旧約聖書の中で、血が象徴的に用いられる最も劇的な場面のひとつが出エジプト記の「過越祭」です。
エジプトで奴隷だったイスラエルの民が解放される前夜、神は彼らに小羊をほふり、その血を家のかもいと門柱に塗るよう命じられました。
血のしるしを見たとき、滅びをもたらす災いはその家を過ぎ越す、と告げられたのです(出エジプト記12章)。
この出来事は単なる歴史的事件ではなく、血が命を守り、新しい共同体を生み出す根源的な象徴となりました。
そしてこの視点を、千島・森下学説の「赤血球=万能細胞」という理解と重ね合わせると、血が命を生み出す仕組みそのものを深く理解する手がかりとなります。
血のしるしは命のしるし
過越祭の夜、血が家の入り口を守るしるしとなり、血がなければその家には災いが臨み、血が塗られていれば命が守られました。
レビ記17章11節の「肉の命は血にある」という言葉がここでも響きます。
血は単なる体液ではなく、命そのものの象徴です。血を通して神と人との契約が結ばれ、共同体が存続するのです。
赤血球=万能細胞と共同体の誕生
千島・森下学説は、赤血球を万能細胞ととらえます。
赤血球は全身のあらゆる細胞に分化する母体であり、必要に応じて再び赤血球に戻る可逆性を持っています。つまり、血は「命を生み出し続ける源泉」です。

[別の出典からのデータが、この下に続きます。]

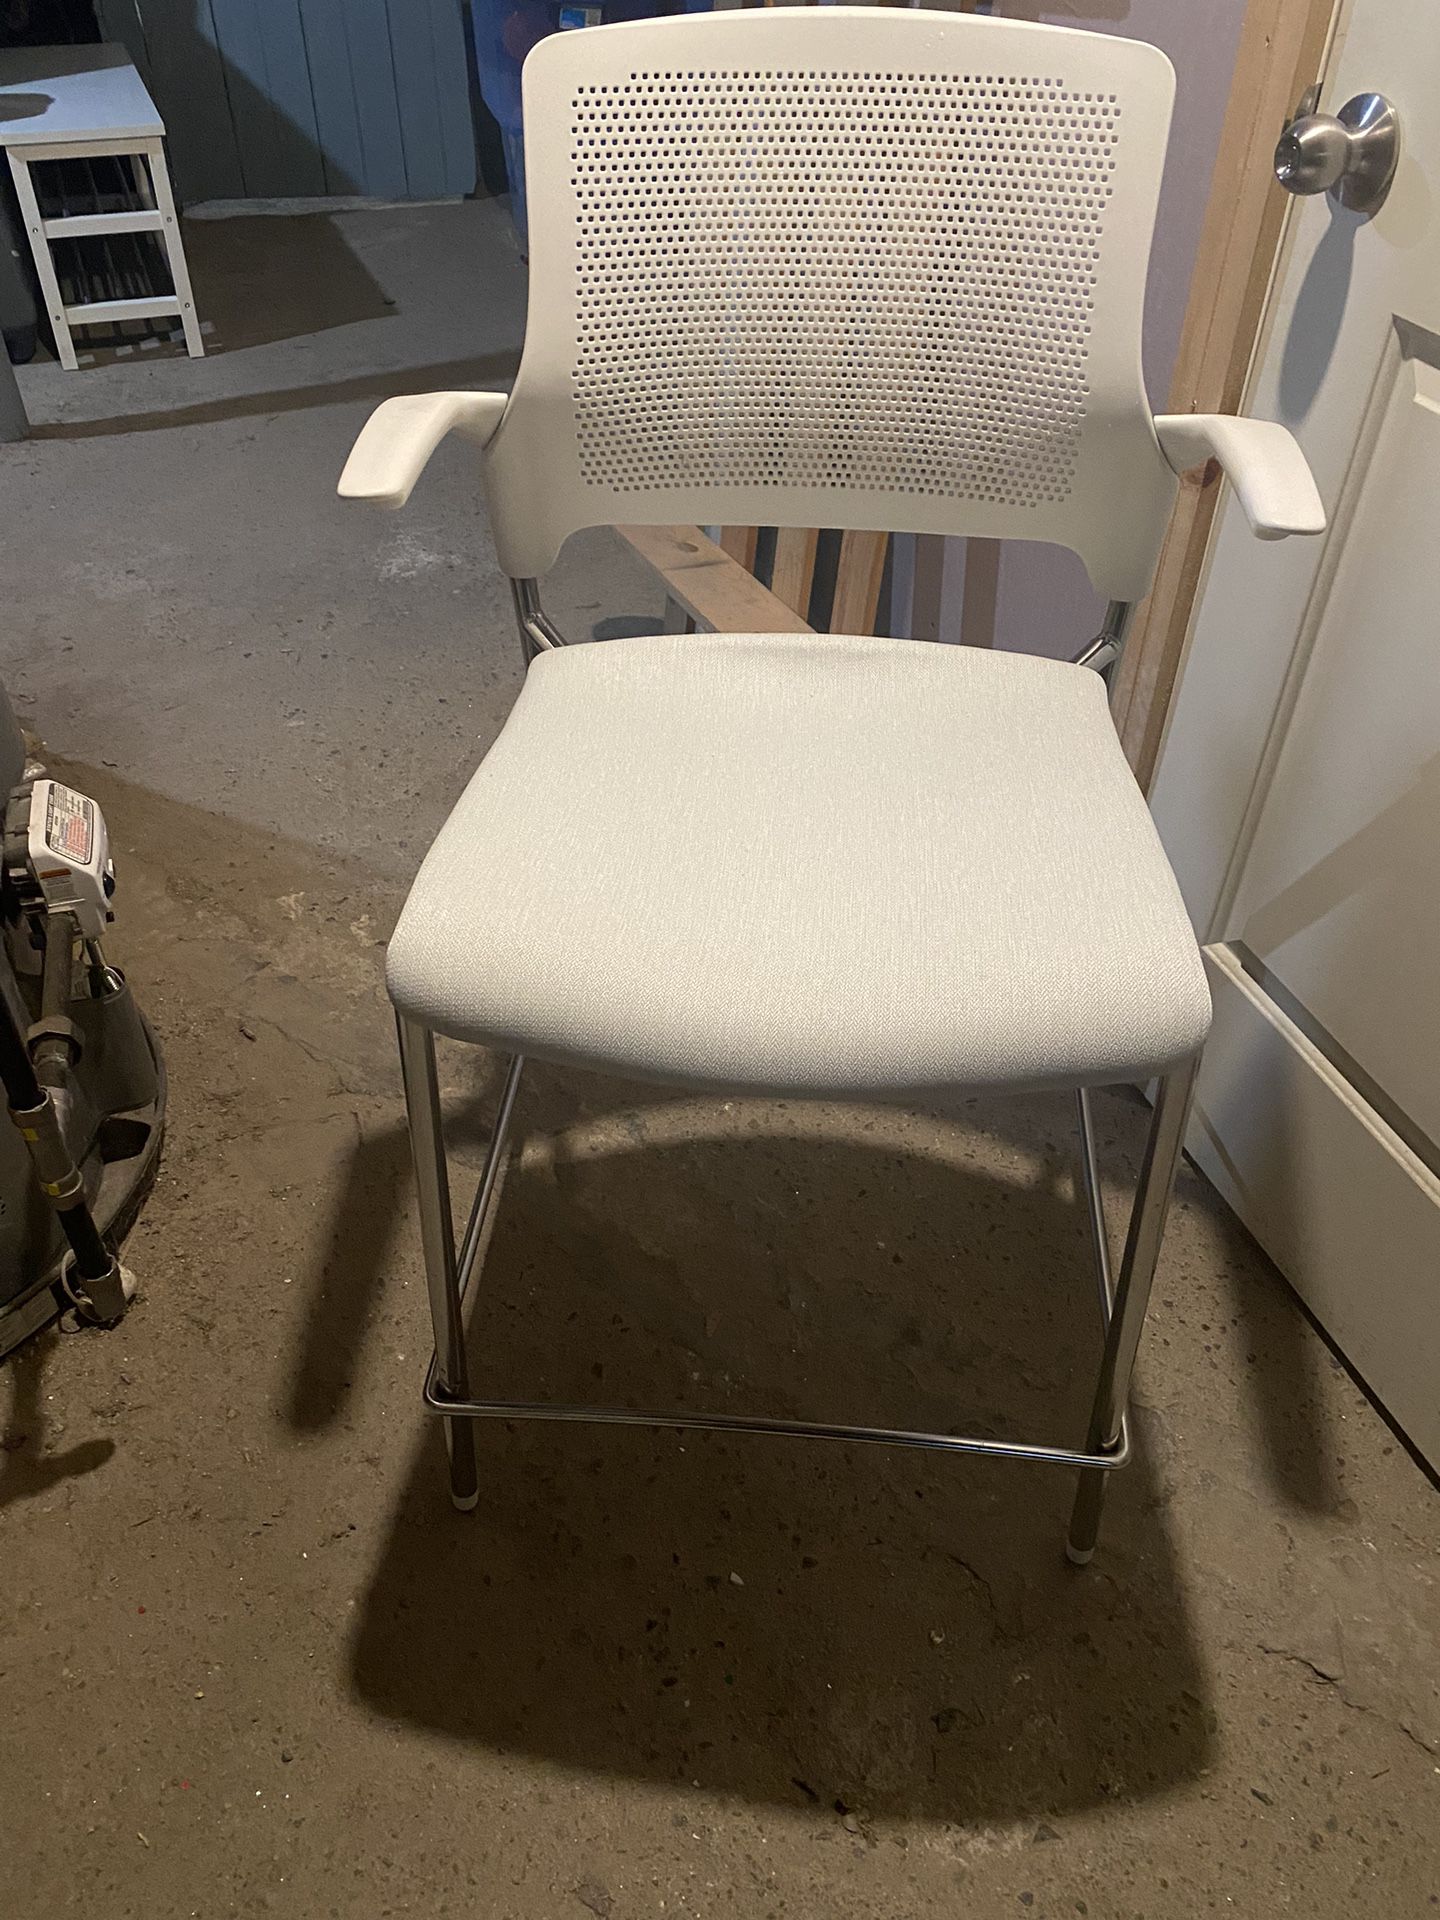 Chairs News $300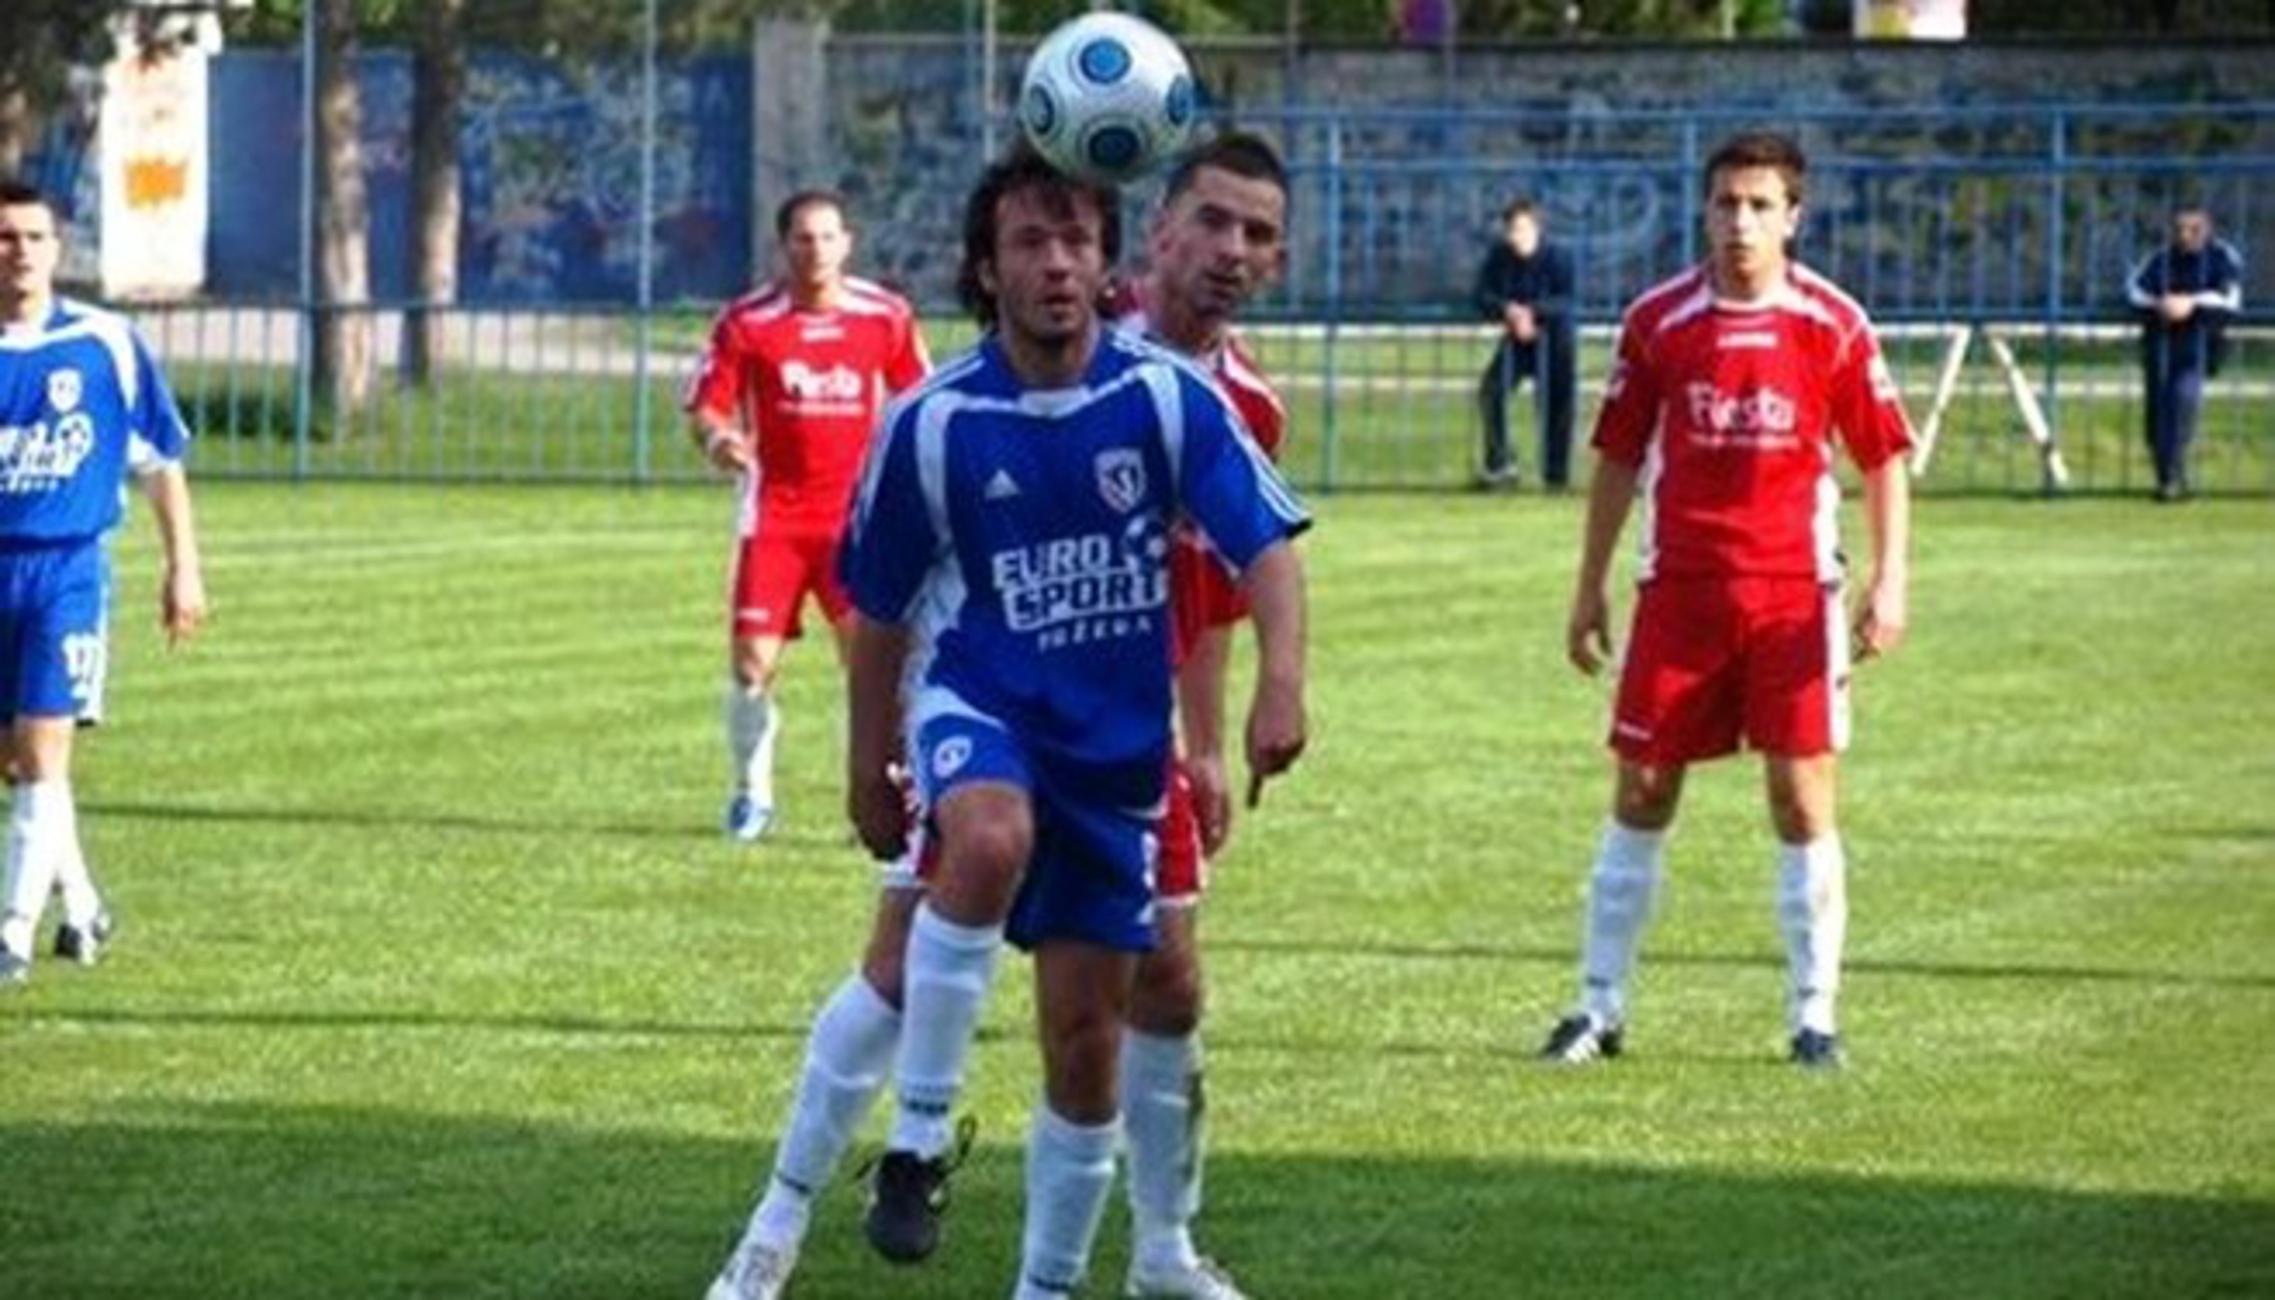 Nogometaši Oriolika (crveni) u utakmici sa Slavonijom Požega

過越祭の血が新しいイスラエル共同体の誕生を守ったように、赤血球は新しい細胞を絶えず生み出し、体を保ち続けます。
血は単なる維持のためのものではなく、新しい命を生み出す力を持っているのです。
イエスの血による新しい契約
新約聖書では、この過越祭の出来事はイエスの十字架によって成就します。
最後の晩餐でイエスは杯をとり、弟子たちにこう言われました。
これは、罪のゆるしを得させるようにと、多くの人のために流すわたしの契約の血である。 (マタイ福音書26章28節)
小羊の血がイスラエルを救ったように、イエスの血は全人類を罪から救う契約の血となりました。ここでも血は命を新しく生み出す原理として働いています。
千島・森下学説的に言えば、赤血球=万能細胞が新しい細胞を生み出すように、イエスの血は新しい命の共同体を生み出す源泉となったのです。
血がつなぐ刷新の循環
出エジプトの過越祭 → イエスの十字架 → 信じる者に与えられる新しい命。この流れは「血による命の更新」の歴史的展開です。
そして、これは細胞レベルでも同じ構造を持っています。
古い細胞は血に戻り(可逆性)、
赤血球から新しい細胞が生まれ(分化性)、
腸から新たな血が造られる(造血性)。
血の循環は、肉体の更新と霊的刷新の両面で働いているのです。
結論―血は命を守り、新しい命を生み出す
過越祭の血のしるしは、命を守り、新しい民を誕生させました。
そしてイエスの血は、すべての人に新しい命を与える契約となりました。
千島・森下学説においても、赤血球は万能細胞として全身の命をつくり続けています。
血は命を守るだけではなく、新しい命を絶えず生み出す源泉です。だからこそ聖書は「血は命である」と繰り返し語るのです。
霊的にも肉体的にも、血は命を生み出す神秘的な働きを担っている――それが出エジプトの出来事とキリストの贖い、そして生命科学の視点から見えてくる共通の認識なのです。